Thiết kế website giá rẻ

Question

I am currently trying to scrape data from a website CCMT 2021 OR CR which has a dynamic structure. The table is paginated, and to navigate to other pages, there is an option of ‘Next’ or clicking on ‘2’, ‘3’, etc. I want to extract all the data and save it to an Excel file.
Previously, I extracted data from a similar link,CCMT 2023 OR CR, using the same approach. Scraping one page (21 rows) took approximately 23 seconds. With 383 pages, the total time was around 2 hours. The 2021 data set is similar in size.

My Goal: I want to make the scraping process faster and more efficient.

Here is the code I used:

from selenium import webdriver
from selenium.common.exceptions import TimeoutException
from selenium.webdriver.chrome.service import Service
from selenium.webdriver.common.by import By
from selenium.webdriver.support.ui import WebDriverWait
from selenium.webdriver.support import expected_conditions as EC
import pandas as pd
import time

# Specify the path to chromedriver if not in PATH
chrome_driver_path = 'chromedriver.exe'  # Adjust the path as needed

# Initialize Chrome WebDriver
service = Service(chrome_driver_path)
driver = webdriver.Chrome(service=service)

# Function to scrape data from all pages
def scrape_all_pages(base_url):
    driver.get(base_url)  # Open the base URL

    # Initial wait to allow the page to load
    time.sleep(60)  # Increase this if the page loads very slowly

    # Container to store all the data
    all_data = []

    while True:
        try:
            # Wait until the table is present
            WebDriverWait(driver, 90).until(
                EC.presence_of_element_located((By.XPATH, '//*[@id="mainContent"]/app-jac-delhi/section/form/div/div[5]/div[3]/div/table/tbody/tr'))
            )

            # Locate the table rows on the current page
            data_elements = driver.find_elements(By.XPATH, '//*[@id="mainContent"]/app-jac-delhi/section/form/div/div[5]/div[3]/div/table/tbody/tr')

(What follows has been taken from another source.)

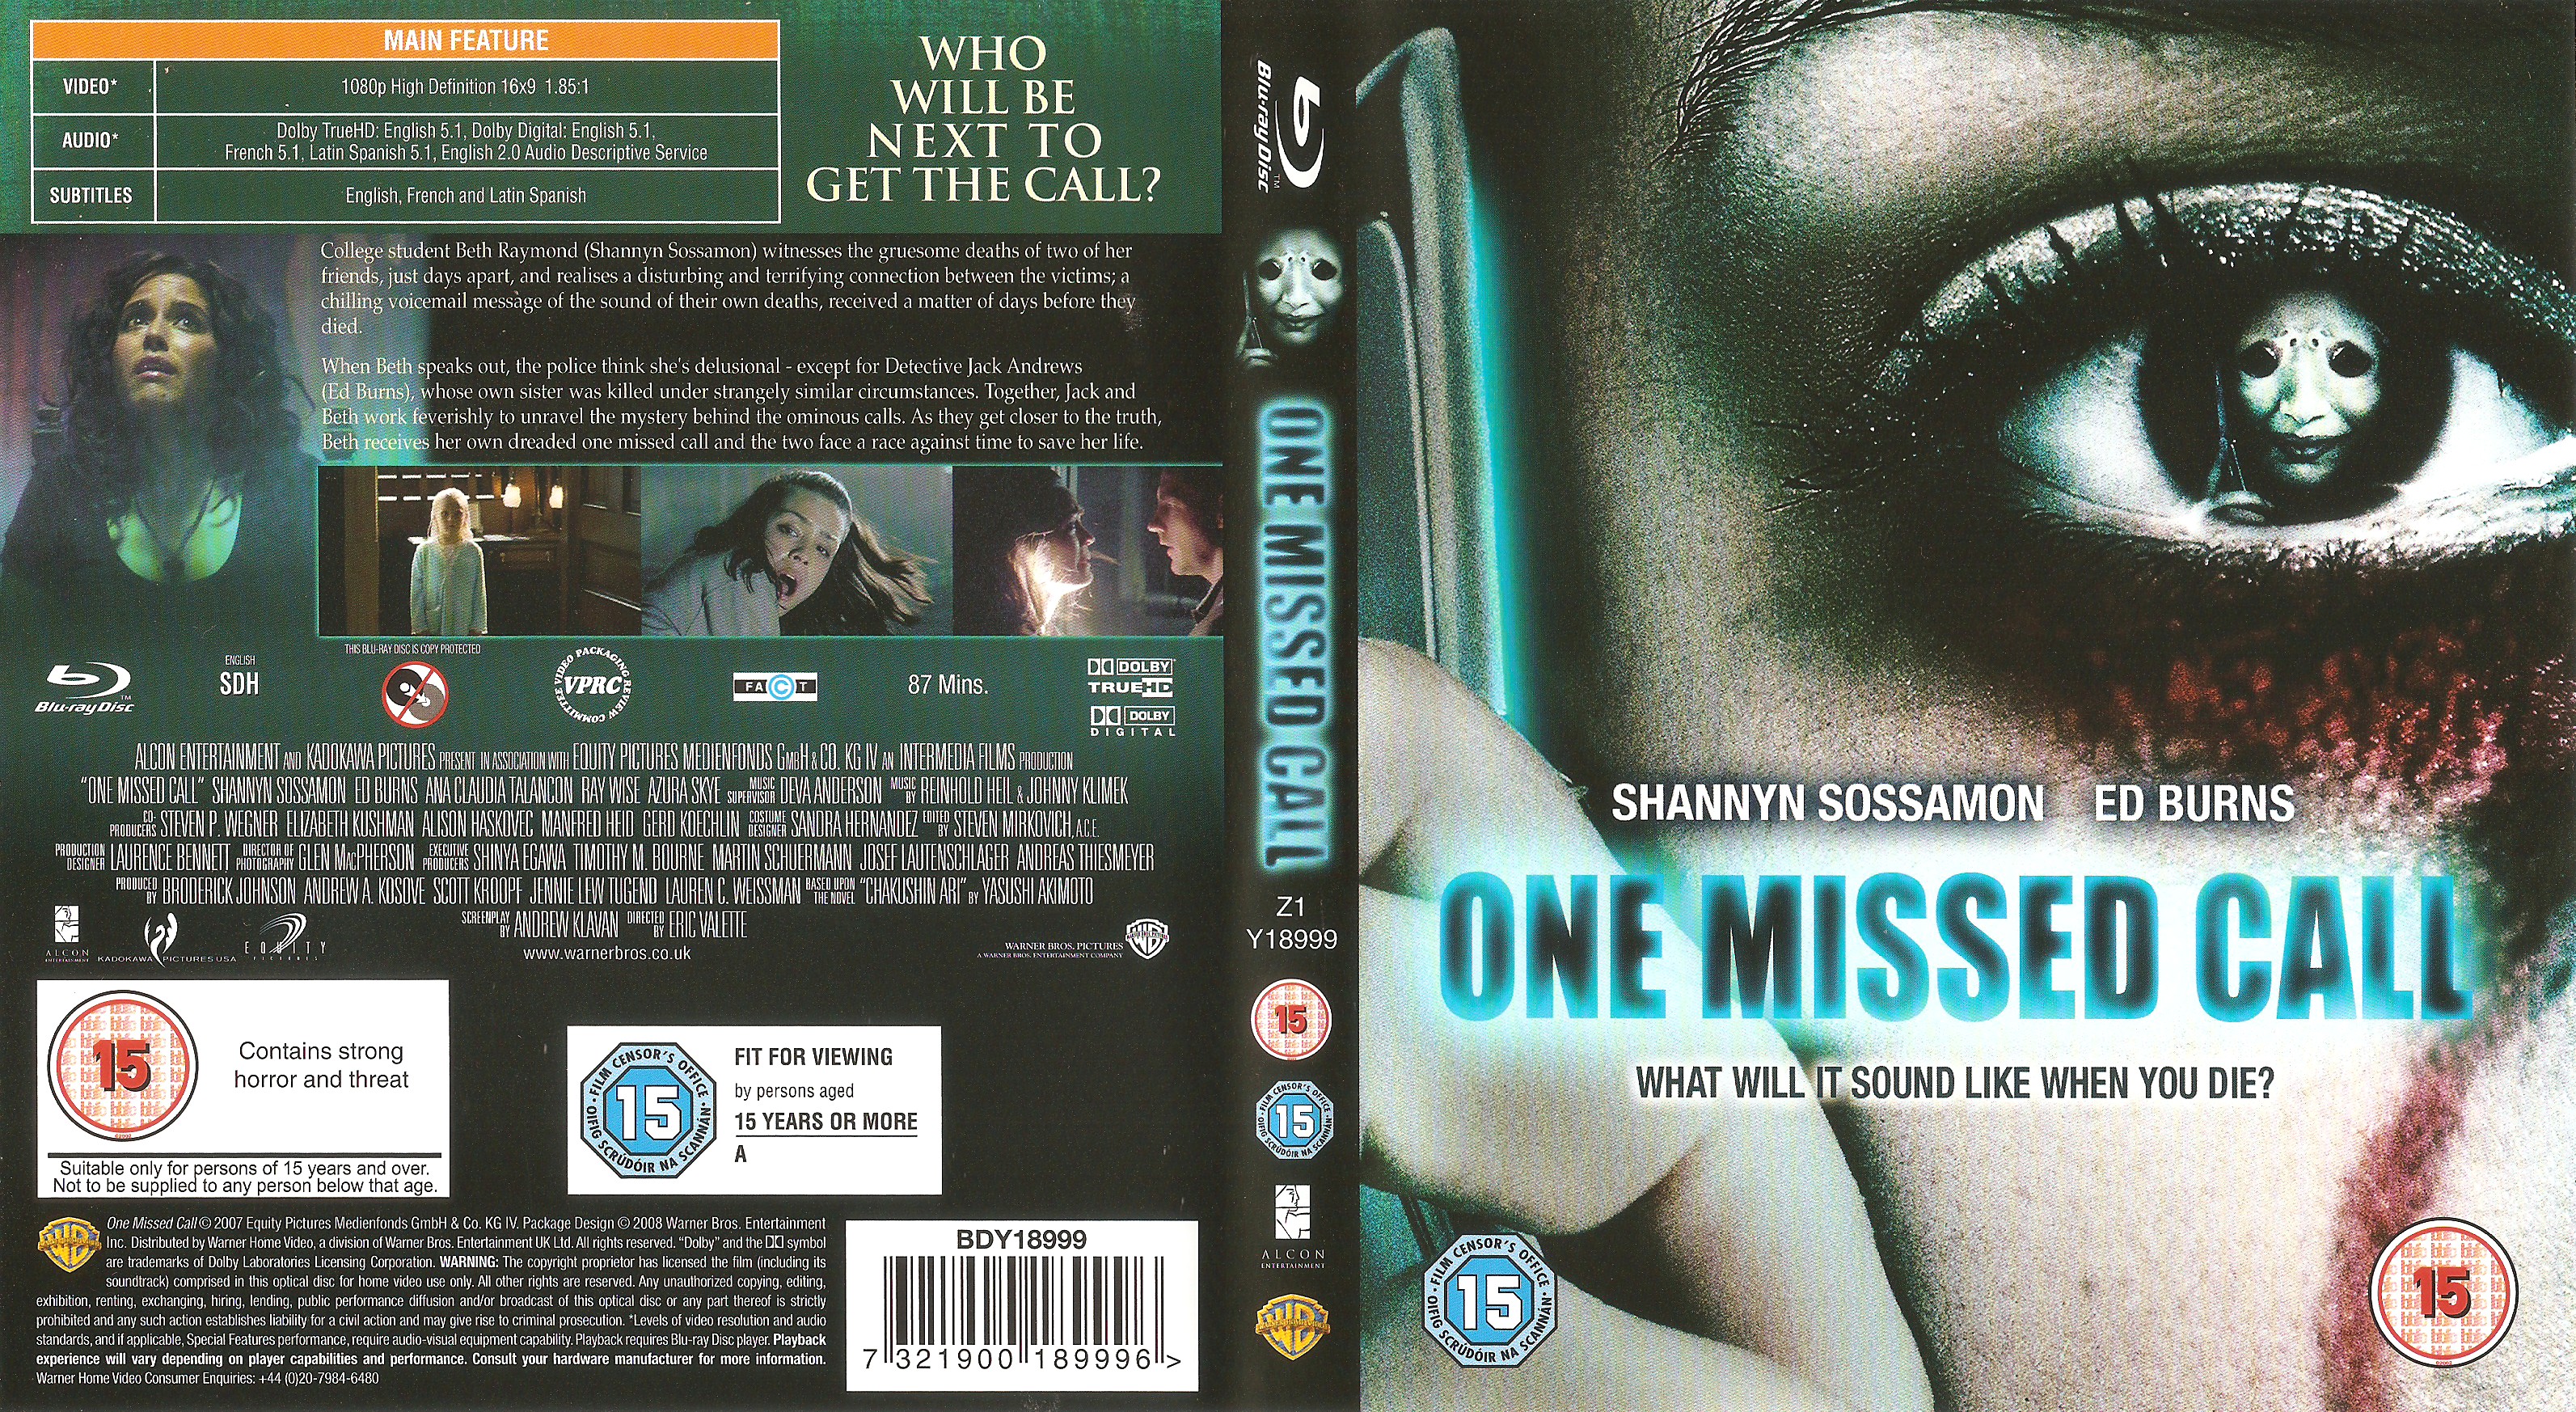 Jaquette DVD One Missed Call (BLU-RAY) v2

            # Extract data from each row (skip the header row)
            for row in data_elements:
                cols = row.find_elements(By.TAG_NAME, 'td')
                row_data = [col.text for col in cols]
                all_data.append(row_data)

            print(f"Scraped {len(data_elements)} rows from current page.")

            # Check if there is a "Next" button to go to the next page
            try:
                next_button = driver.find_element(By.XPATH,'//*[@id="mainContent"]/app-jac-delhi/section/form/div/div[5]/div[4]/pagination-controls/pagination-template/ul/li[10]')
                if "disabled" not in next_button.get_attribute("class"):
                    next_button.click()
                    # Wait for the next page to load
                    time.sleep(20)  # Increase this if the page loads very slowly
                else:
                    break  # Break the loop if the next page button is disabled
            except Exception as e:
                print(f"Next button not found or other exception: {e}")
                break  # Break the loop if the next button is not found
        except TimeoutException as e:
            print(f"Timeout waiting for table to load: {e}")
            break  # Break the loop if waiting for the table times out

    driver.quit()  # Close the browser
    return all_data

# Base URL of the webpage
base_url = "https://admissions.nic.in/admiss/admissions/orcrjacd/105012121"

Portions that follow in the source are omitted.